Jason Aldean is still standing by his controversial new song, Try That in a Small Town.
While on stage at the Riverbend Music Center in Cincinnati, Ohio, on Friday, Aldean’s audience listened attentively as the country singer spoke about the reaction to his new single. The song and its music video have been accused of encouraging vigilantism and racial violence.
Aldean, 46, accused “cancel culture” of coming for him and his song.
“I gotta tell you guys, man, it’s been a long-ass week. It’s been a long week, and I’ve seen a lot of stuff,” Aldean said, referring to the loud opposition to his song.
“I’ve seen a lot of stuff suggesting I’m this, suggesting I’m that. Here’s the thing, here’s one thing I feel: I feel like everybody’s entitled to their opinion,” he said. “You can think something all you want to, doesn’t mean it’s true, right?”
“What I am is a proud American. I’m proud to be from here.”
The crowd erupted in raucous applause.
“I love our country. I want to see it restored to what it once was before all this bulls— started happening to us,” he concluded. “I love our country, I love my family, and I will do anything to protect that. I’ll tell you that right now.”
The crowd then chanted “U.S.A.”
Aldean went on to speak about “cancel culture” and said people are hungry to “ruin your life, ruin everything” if they disagree with what you say in public. He said country music fans have the ability to see through “a lot of the bulls—.”
After his speech, Aldean performed Try That in a Small Town for the crowd.
Many critics have referred to Try That in a Small Town as a “pro-lynching” song.
The song was released in May, though controversy was reignited when the country artist released the accompanying music video this month.

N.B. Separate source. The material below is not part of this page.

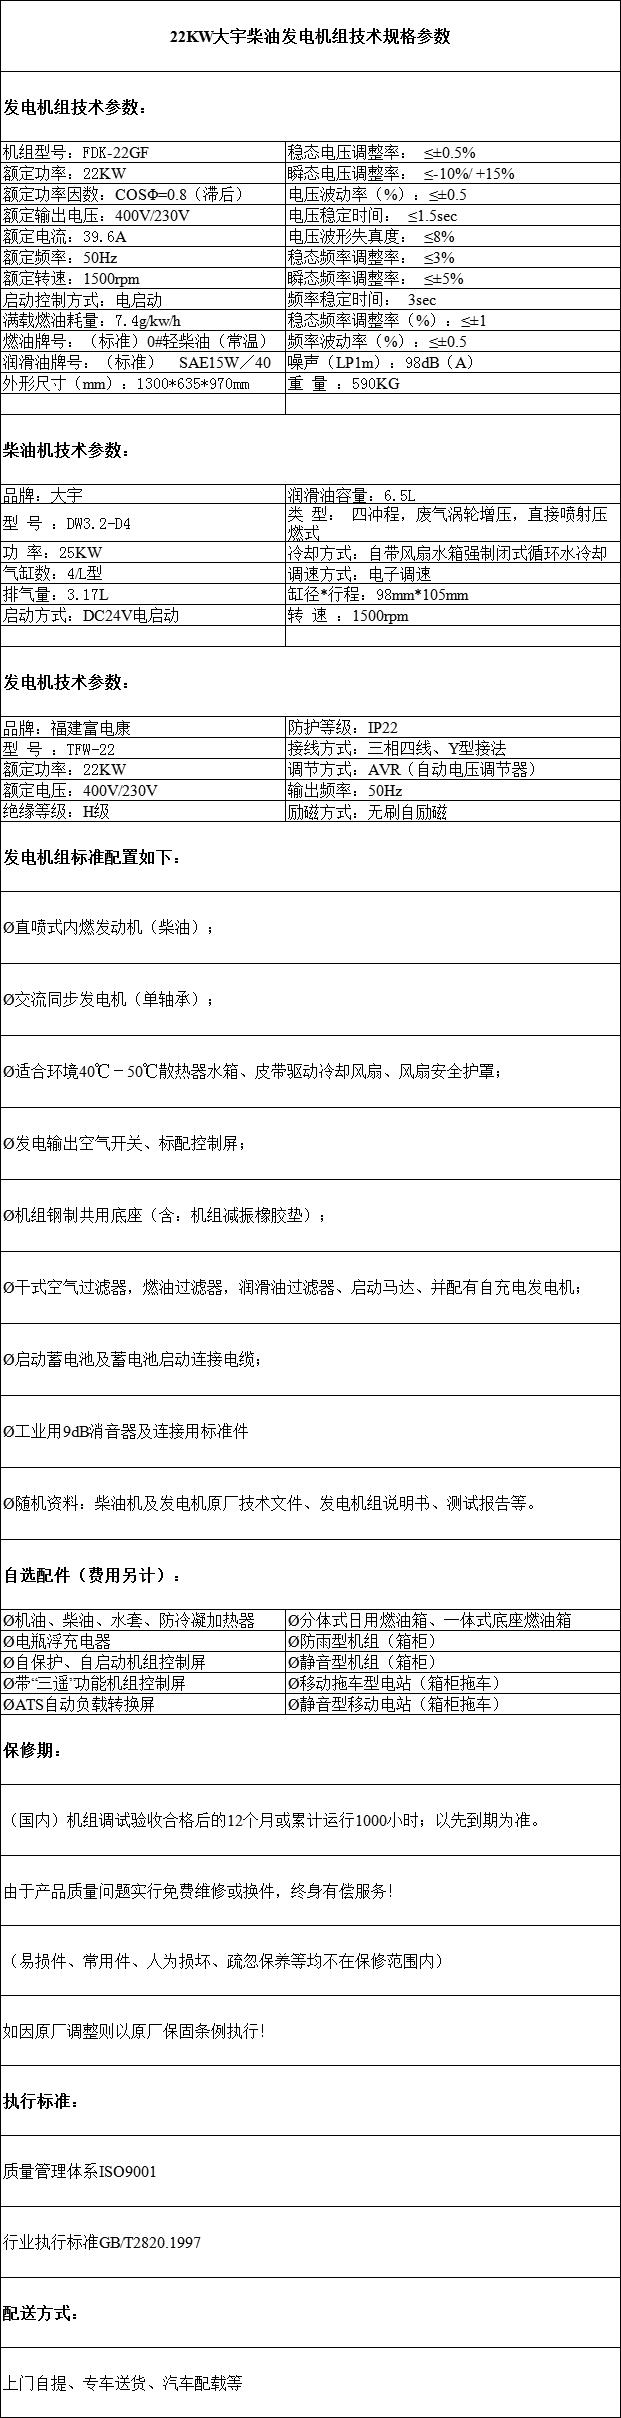 22KW大宇柴油发电机组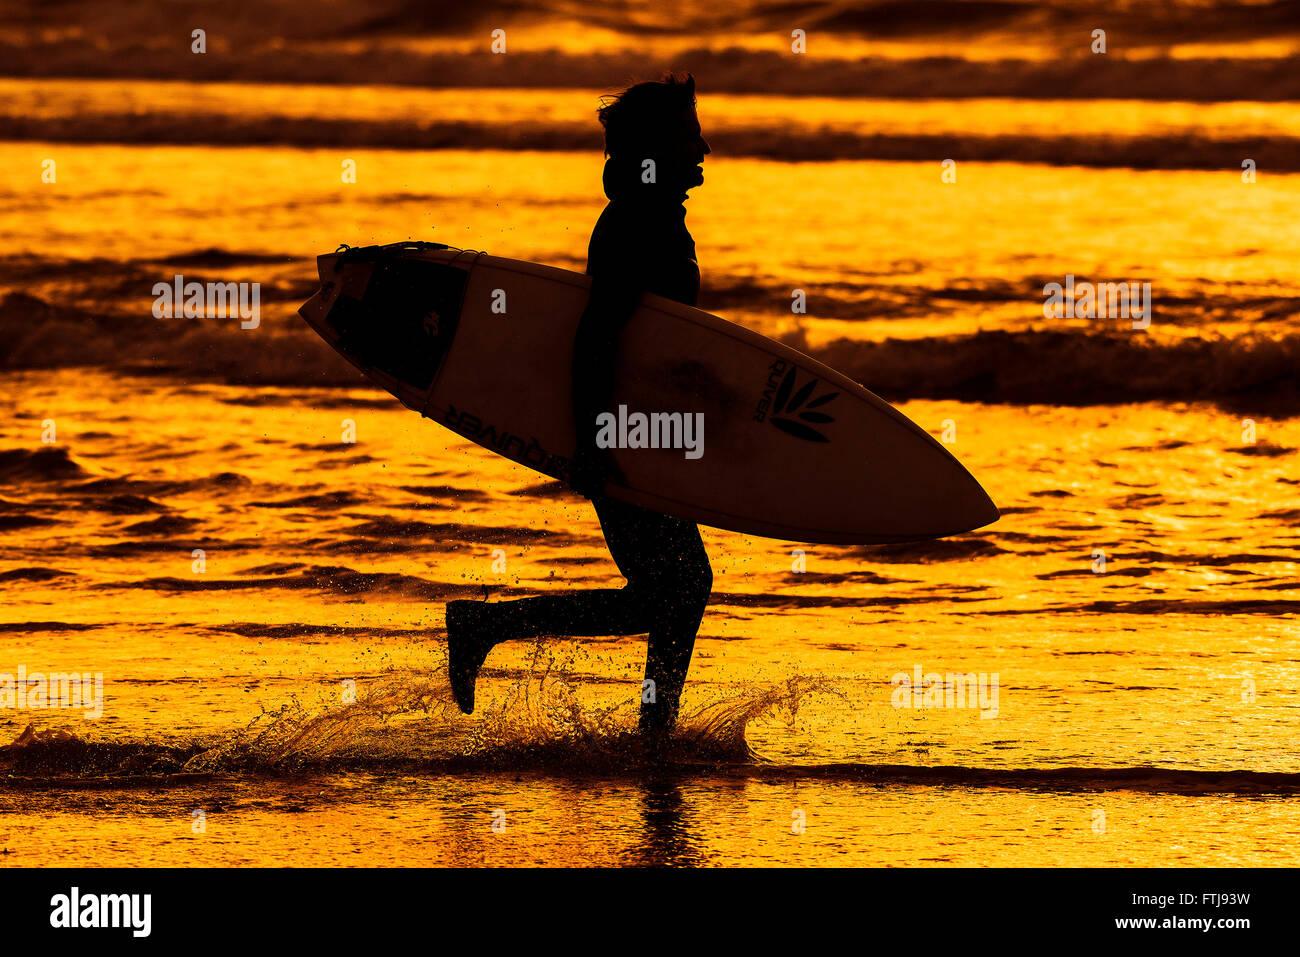 La silhouette d'un surfeur en marche le long du rivage sur la plage de Fistral pendant une fin de soirée Photo Stock

Aldean shot the music video for the song in front of Maury County Courthouse in Columbia, Tenn., the site where a Black man named Henry Chaote was dragged behind a car by a white mob before he was lynched in 1927. The courthouse also served as a backdrop for the 1946 Columbia race riots, when Tennessee Highway Patrol officers stormed a Black neighbourhood in the wake of a controversial court case.
The music video includes footage of Black Lives Matter protests, cut together with visuals of Aldean singing in front of the courthouse. The video also featured clips of violent muggings, leading some critics to argue that Aldean was conflating protests against police brutality with violent crime.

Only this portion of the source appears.